В некотором смысле современный нейросетевой бум — это возвращение в шестидесятые, но с вычислительными мощностями XXI века. Это повод задуматься об интересном оптическом искажении: сегодня, когда мы смотрим на огромные языковые модели, обученные на гигантских массивах данных и работающие на тысячах специализированных ускорителей, кажется, будто сама идея машинного обучения родилась вместе с современными GPU и дата-центрами. История перцептрона напоминает, насколько это неверно.
Современные нейросети выросли из очень старой мечты: создать машину, которой не нужно заранее объяснять весь мир.
Ее сопровождала другая, не менее радикальная идея: что, если сосредоточиться не на том, чтобы делать отдельную машину умнее, а на том, чтобы соединить множество машин так, чтобы они образовали качественно новую среду?
Как мир попал в паутину
В начале 1960-х компьютер сам по себе был чрезвычайно дорогой и редкой машиной.
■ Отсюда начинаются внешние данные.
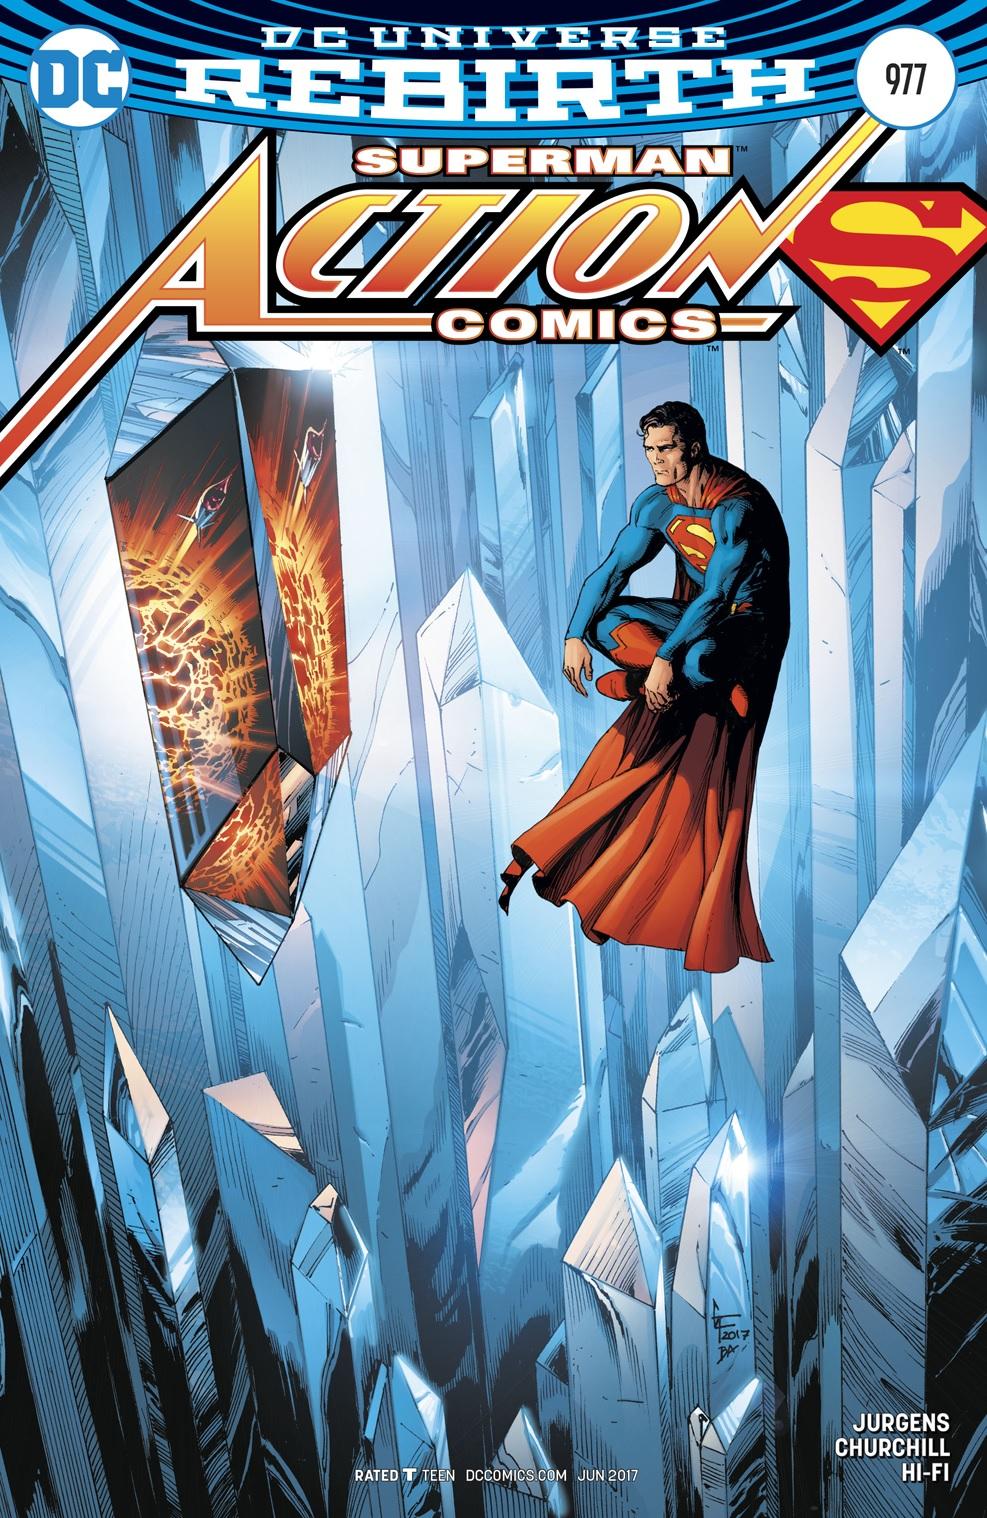 Action Comics Vol 1 977 Variant.jpg

Он занимал целое помещение (как сегодняшний дата-центр, полный серверов, каждый из которых в тысячи раз мощнее такого гиганта из 60-х), обслуживался специальным персоналом и часто работал в режиме, который сегодня напоминал бы централизованный сервис: множество людей и организаций соперничали за получение доступа к ограниченному вычислительному ресурсу.
Связать два компьютера между собой кабелем в принципе не было инженерной проблемой (хотя этот кабель должен был быть очень длинным!). Сначала нужно было ответить на более фундаментальный вопрос: а что именно должны делать две машины, когда они оказываются соединены?
Обмениваться файлами? Передавать результаты вычислений? Использовать ресурсы друг друга? Работать как единая система?
В 1960-е инженеры постепенно пришли к мысли, которая сегодня кажется самоочевидной: вычислительная мощность сама по себе является не единственным ценным ресурсом. Не менее, а может в перспективе и более важной будет возможность передавать информацию между вычислительными системами.
Эта перспектива оправдалась, сегодня она называется интернет.
Если для каждого взаимодействия двух машин создавать отдельное соединение, сеть быстро становится громоздкой и дорогой. Кроме того, возникает проблема устойчивости: что произойдет, если важный узел окажется недоступен?
Вокруг этих вопросов в 1960-е начали развиваться идеи, которые впоследствии получили название пакетной коммутации. Ее основа была одновременно простой и радикальной: сообщение не обязательно должно путешествовать по сети как единый непрерывный объект. Его можно разделить на небольшие части — пакеты. Каждый пакет получает необходимую информацию о том, куда он должен попасть, и затем сеть передает его через доступные маршруты.
Любопытно, что идея пакетной коммутации не возникла как единое изобретение одного человека в одном месте. В США Пол Бэран исследовал устойчивые распределенные коммуникационные системы, в Великобритании Дональд Дэвис разрабатывал собственные концепции передачи информации небольшими блоками и, собственно, ввел широко известный термин packet.
Разные исследовательские группы подходили к сходной проблеме с разных сторон, но постепенно складывалась новая интеллектуальная модель: сеть не обязательно должна состоять из одного главного центра и множества периферийных устройств. Она может быть распределенной.
Здесь снова мы видим один из основных проблесков интуиций 60-х: инженеры все чаще создавали системы, сложность которых превышала возможности непосредственного контроля над каждым отдельным процессом. Поэтому вместо того, чтобы централизованно управлять каждым элементом, они начинали проектировать правила взаимодействия элементов.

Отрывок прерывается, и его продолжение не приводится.